__WHAT YOU SHOULD DO__
Skip the pictures. Output only the lines below starting at the line with "#rollfilmweek #rollfilmweek2020 #film" and ending at the line with "AUSTRIA: 39 Used", both ends included, exactly as they are.

__SUPPLIED DATA__
*** Block opens ***

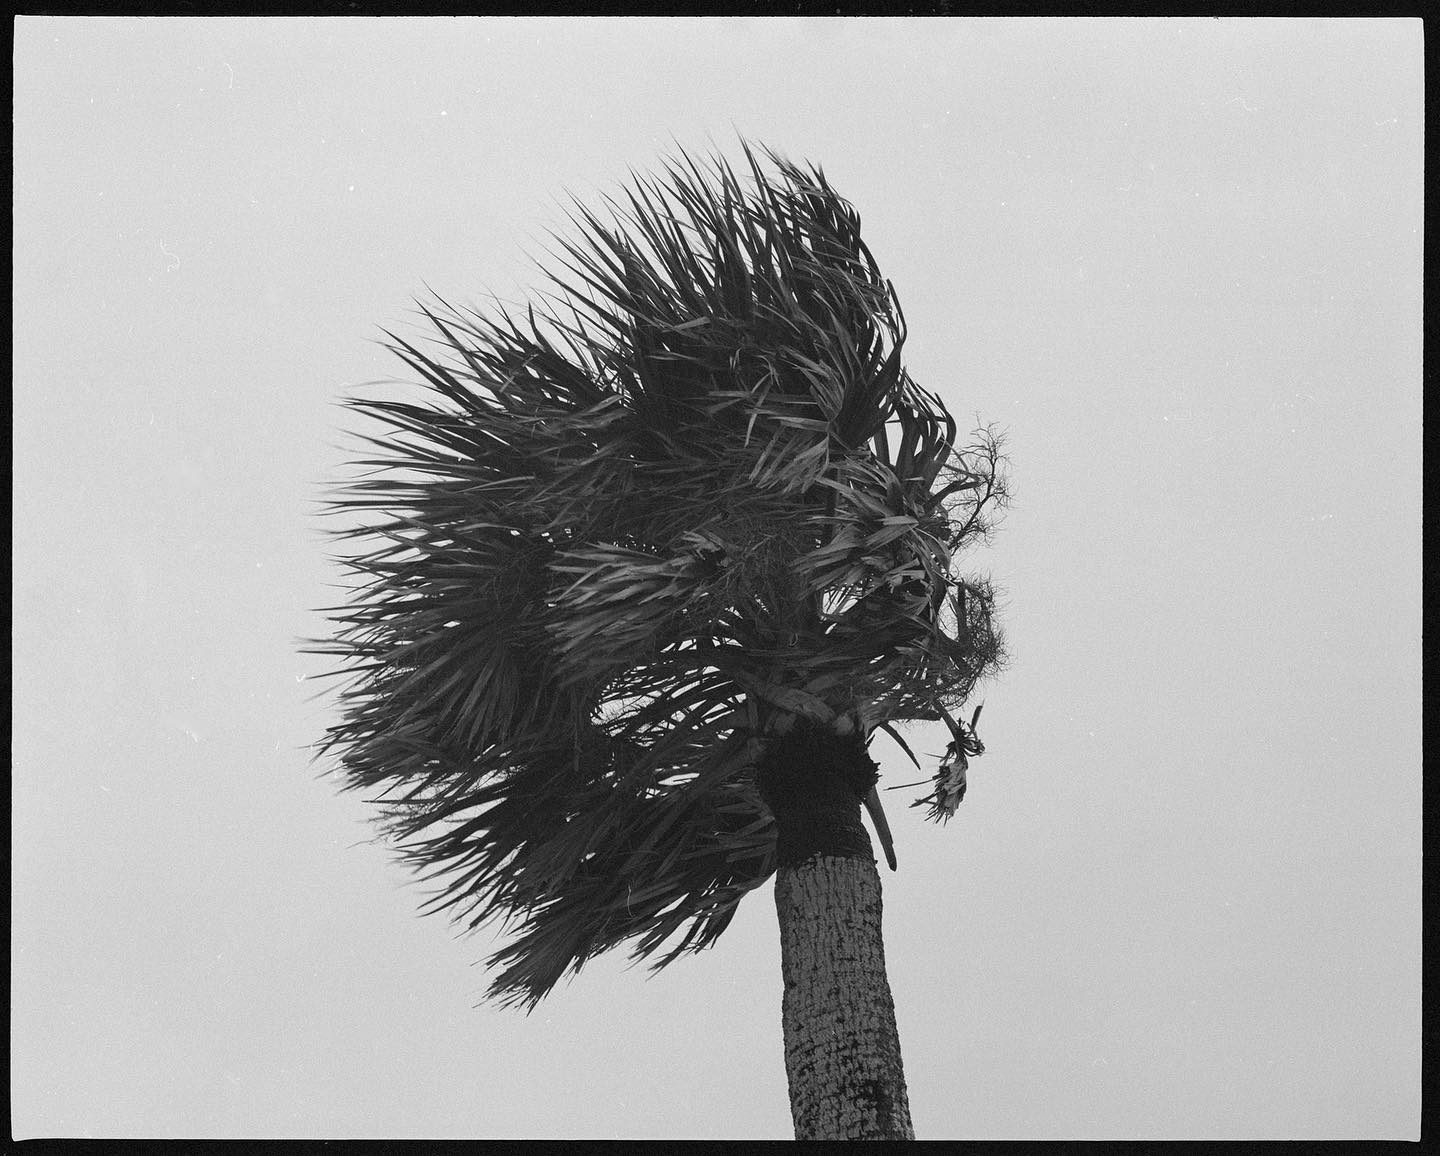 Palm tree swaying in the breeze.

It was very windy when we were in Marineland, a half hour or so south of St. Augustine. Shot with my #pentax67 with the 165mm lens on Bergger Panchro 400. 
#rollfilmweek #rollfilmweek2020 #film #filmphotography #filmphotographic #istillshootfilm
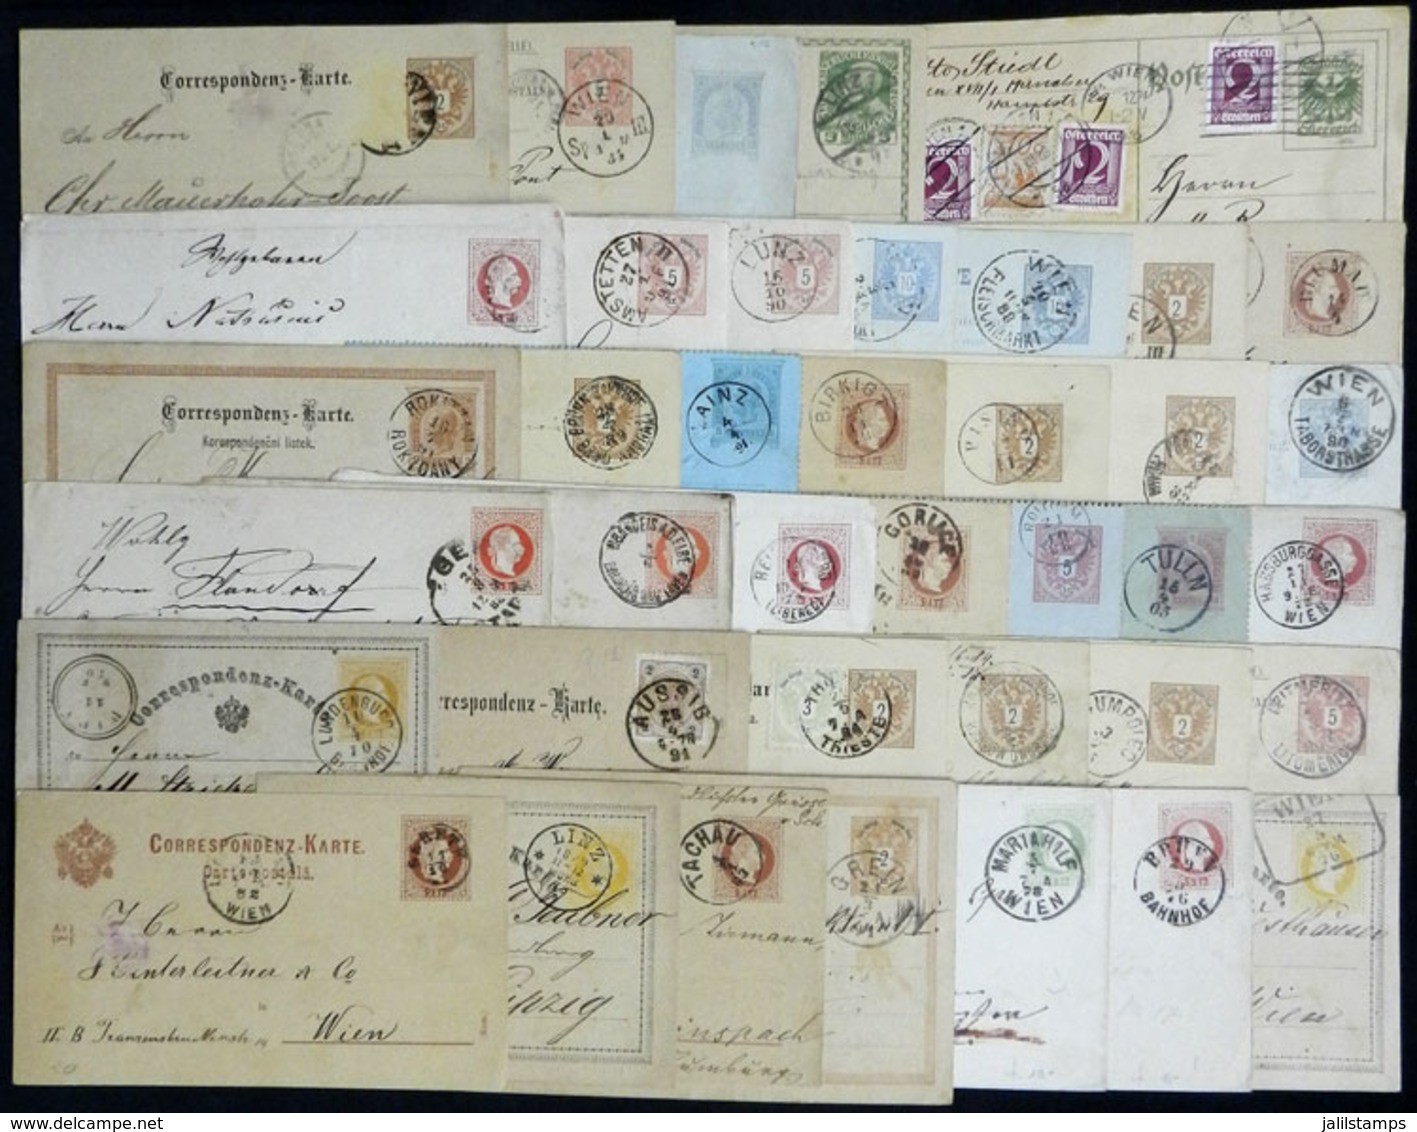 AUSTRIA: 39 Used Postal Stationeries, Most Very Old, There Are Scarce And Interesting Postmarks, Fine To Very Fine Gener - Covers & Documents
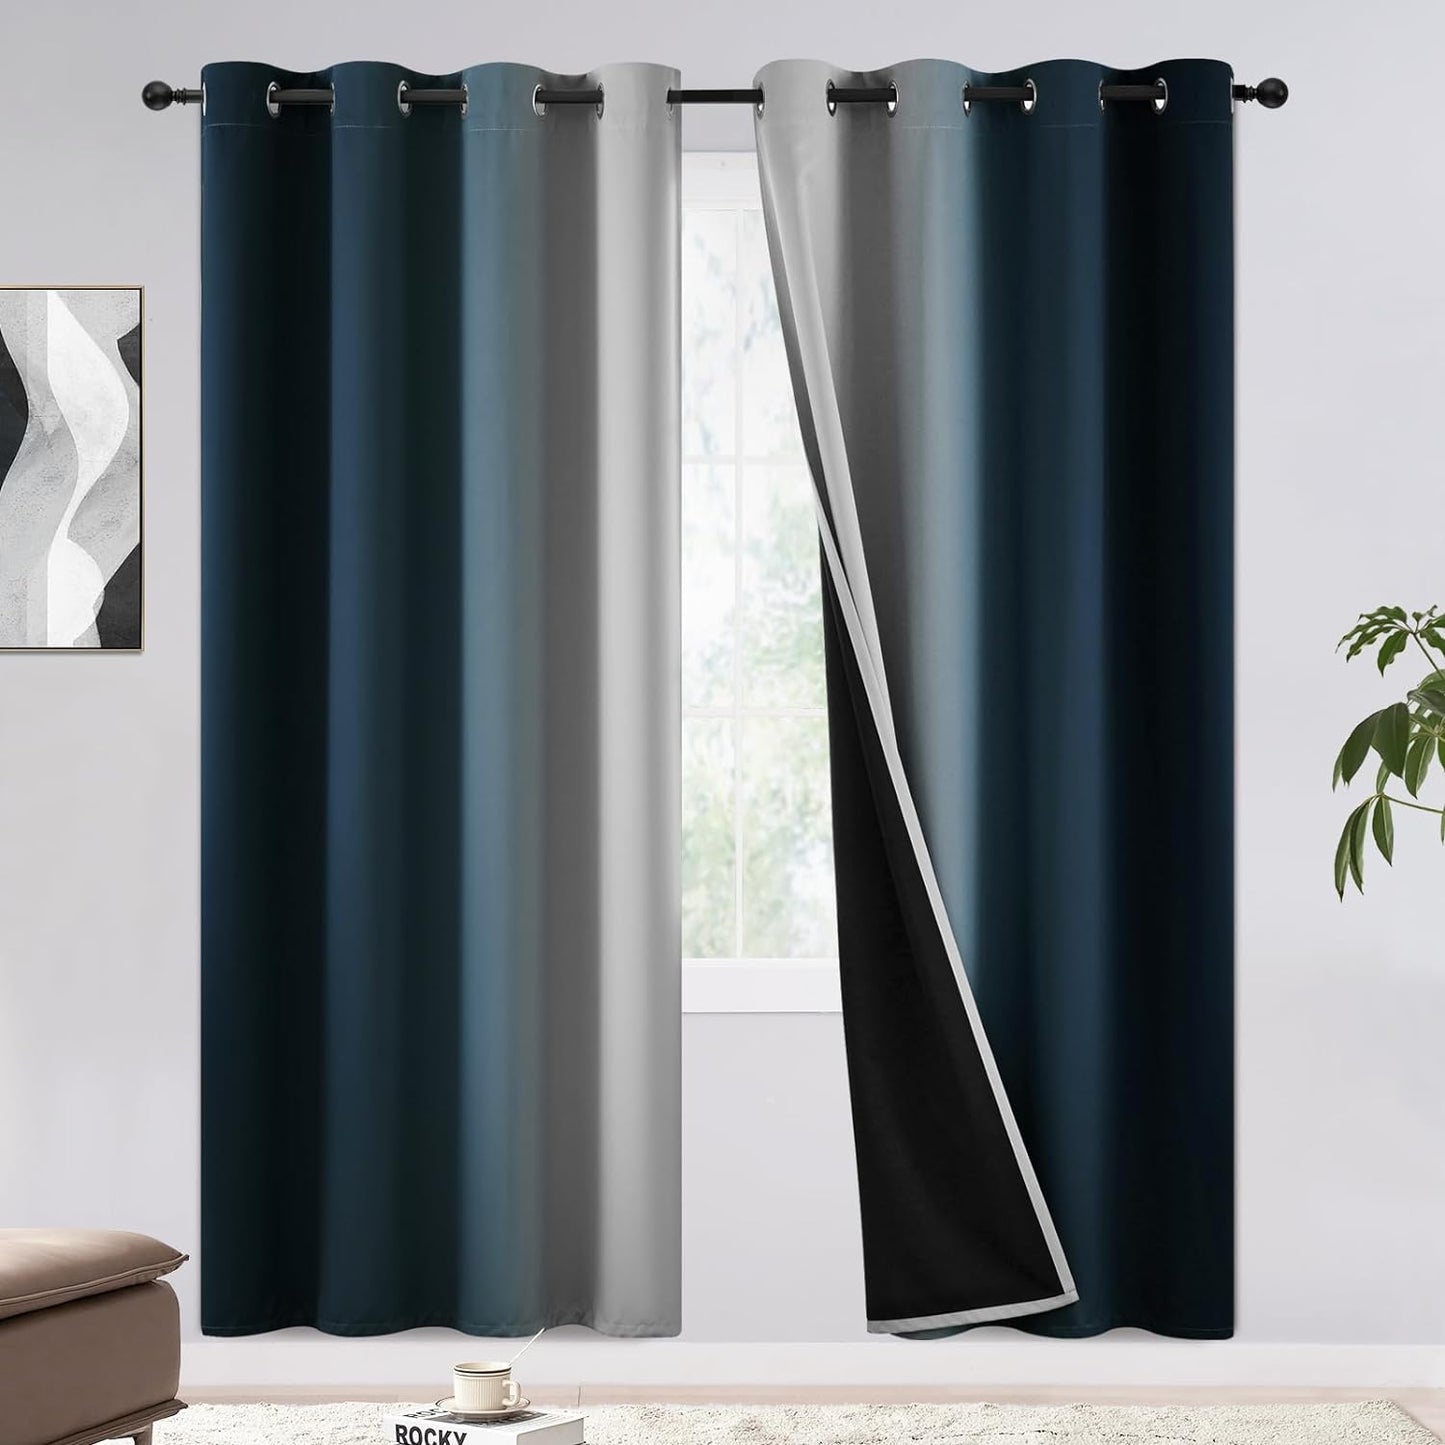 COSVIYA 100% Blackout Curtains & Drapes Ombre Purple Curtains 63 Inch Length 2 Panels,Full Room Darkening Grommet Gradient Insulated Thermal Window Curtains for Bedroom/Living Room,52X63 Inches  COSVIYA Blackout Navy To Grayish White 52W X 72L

*** Block closes ***

__ANSWER TO THE PROBLEM__
#rollfilmweek #rollfilmweek2020 #film #filmphotography #filmphotographic #istillshootfilm
 AUSTRIA: 39 Used Postal Stationeries, Most Very Old, There Are Scarce And Interesting Postmarks, Fine To Very Fine Gener - Covers & Documents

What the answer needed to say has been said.